Tetapi mengapa Paulus berbuat demikian? Pertama, Paus berujar, karena “inilah cara” Yesus yang “berbicara dengan semua orang” dengan pendosa, pemungut cukai, kaum Farisi. Paulus, dengan demikian, “mengikuti sikap Yesus.”
“Seorang Kristen yang ingin menyebarkan Injil harus melalui jalan ini: harus mendengarkan semua orang! Tetapi sekarang merupakan saat yang baik dalam kehidupan Gereja: 50 – 60 tahun terakhir merupakan saat yang baik karena saya ingat sewaktu saya kecil sering terdengar di dalam keluarga Katolik, di keluarga saya, ‘Jangan, kita tidak boleh pergi ke rumah mereka, karena mereka tidak menikah di dalam Gereja, heh!’ Itu merupakan bentuk pemisahan. Tidak, kamu tidak boleh pergi! Kami juga tidak boleh pergi ke rumah orang sosialis atau ateis. Sekarang, syukur kepada Allah, orang tidak berbicara seperti itu lagi, bukan? [Sikap seperti itu] merupakan pembelaan terhadap iman, tetapi hal tersebut merupakan salah satu bentuk tembok: Tuhan membangun jembatan. Pertama: Paulus memiliki sikap ini, karena ini adalah sikap Yesus sendiri. Kedua, Paulus sadar bahwa dia harus menginjili, bukan memaksakan agama.

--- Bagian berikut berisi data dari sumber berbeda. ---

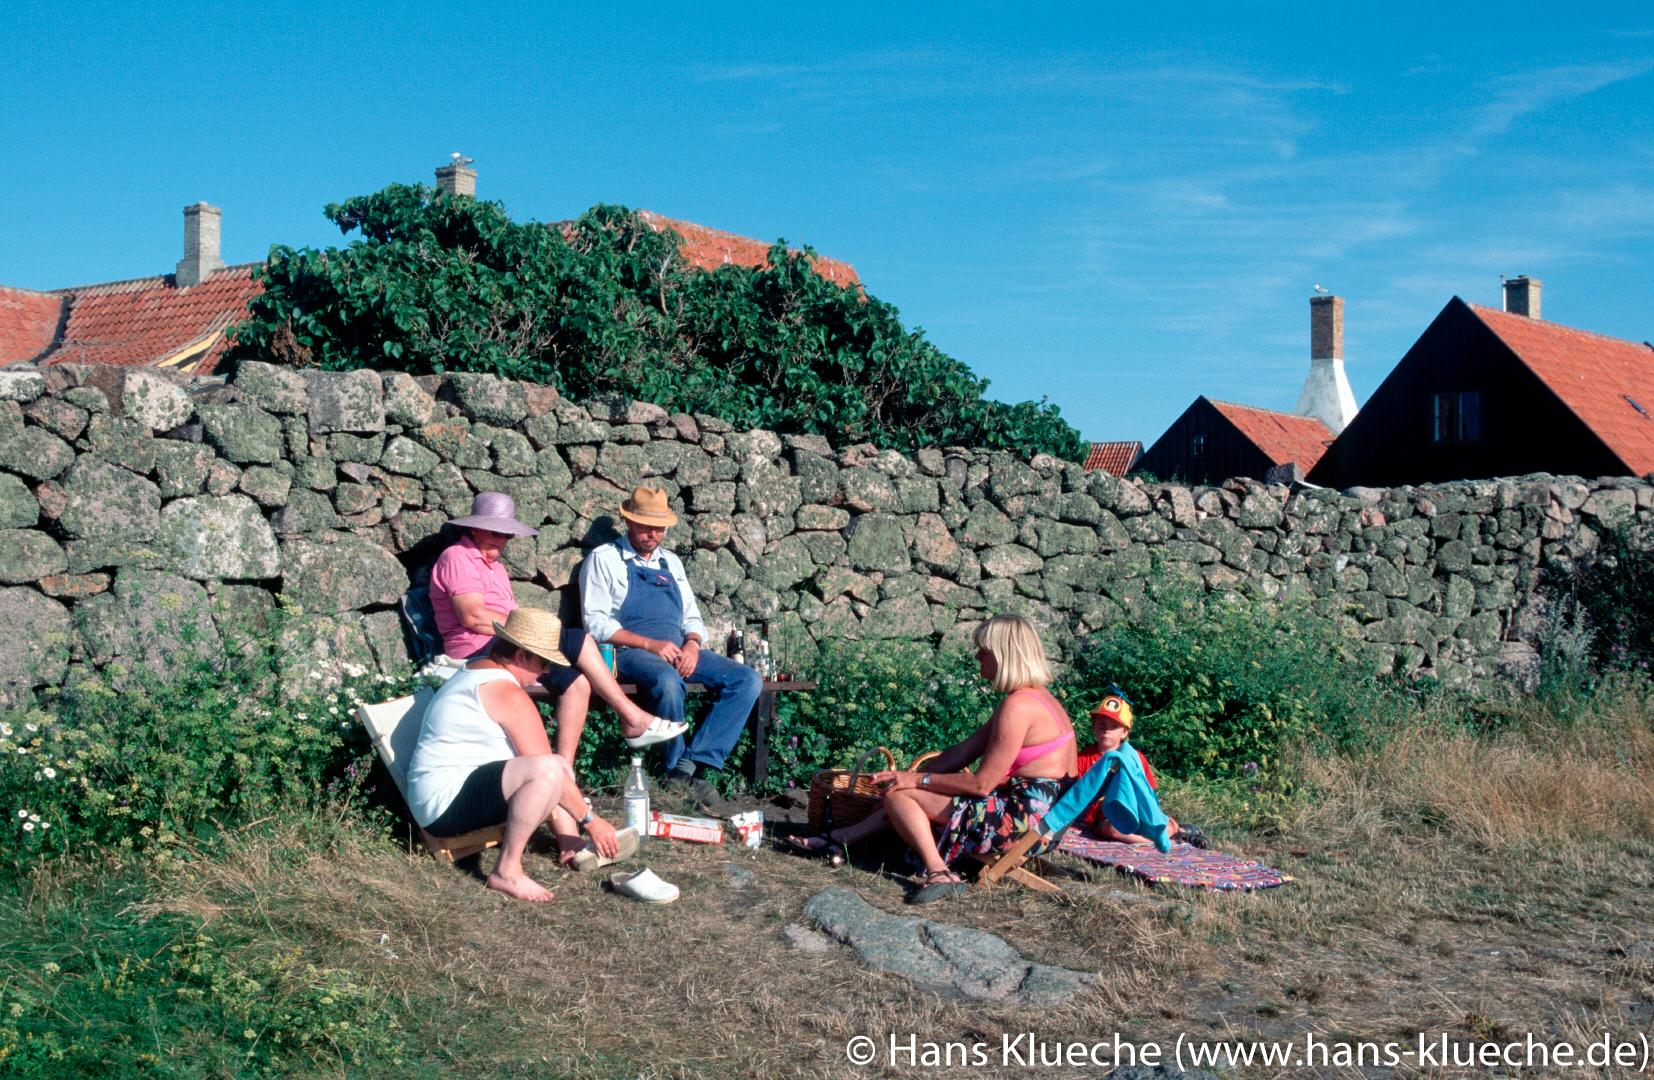 Festungsinsel Christiansø gehört zu Inselgruppe Ertmolmene nordöstlich von Bornholm: Mittagspause

Mengutip pendahulunya, Paus Benediktus, Fransiskus lanjut berkata bahwa Gereja “tidak tumbuh dengan cara – cara pemaksaan,” tetapi “dengan ketertarikan, kesaksian, dan khotbah,” dan Paulus memiliki sikap ini: pewartaan tidak menjadikan pemaksaan – dan dia berhasil, karena, “ dia tidak meragukan Tuhannya.” Paus memperingatkan bahwa, “Umat Kristen yang takut untuk membangun jembatan dan lebih suka untuk membangun tembok adalah orang orang Kristen yang tidak yakin akan imannya, tidak yakin akan Yesus Kristus.” Paus menyerukan agar umat Kristen berlaku seperti Paulus dan mulai “membangun jembatan dan terus melangkah maju”:
“Paulus mengajarkan kita sebuah jalan untuk penginjilan, karena Yesus pun demikian, karena dia sadar betul bahwa penginjilan bukanlah pemaksaan agama: Paulus juga yakin akan Yesus Kristus dan dia tidak perlu membenarkan ajarannya atau mencari – cari alasan untuk membenarkan ajarannya. Saat Gereja kehilangan keberanian apostoliknya, ia menjadi Gereja yang tidak berkembang, sebuah Gereja yang rapi, yang menyenangkan, menyenangkan untuk dilihat, tetapi tidak memiliki kesuburan, karena dia telah kehilangan keberanian untuk pergi ke pinggiran, di mana banyak orang menjadi korban penyembahan berhala, pikiran – pikiran sempit dunaiwi, dan dari banyak hal lain. Marilah kita minta dari Rasul Paulus keberanian apostolik ini, semangat membara spiritual, agar kita menjadi percaya diri. ‘Tapi Bapa,’ [kamu mungkin berkata], ‘kita mungkin saja melakukan kesalahan…’…’[hmm, kesalahan apa?’ respons saya], ‘Majulah terus kalian: jika kalian melakukan kesalahan, kalian bangun dan terus melangkah maju: cuma inilah caranya. Mereka yang tidak berjalan maju untuk terhindar dari membuat kesalahan, malah melakukan kesalahan yang lebih serius.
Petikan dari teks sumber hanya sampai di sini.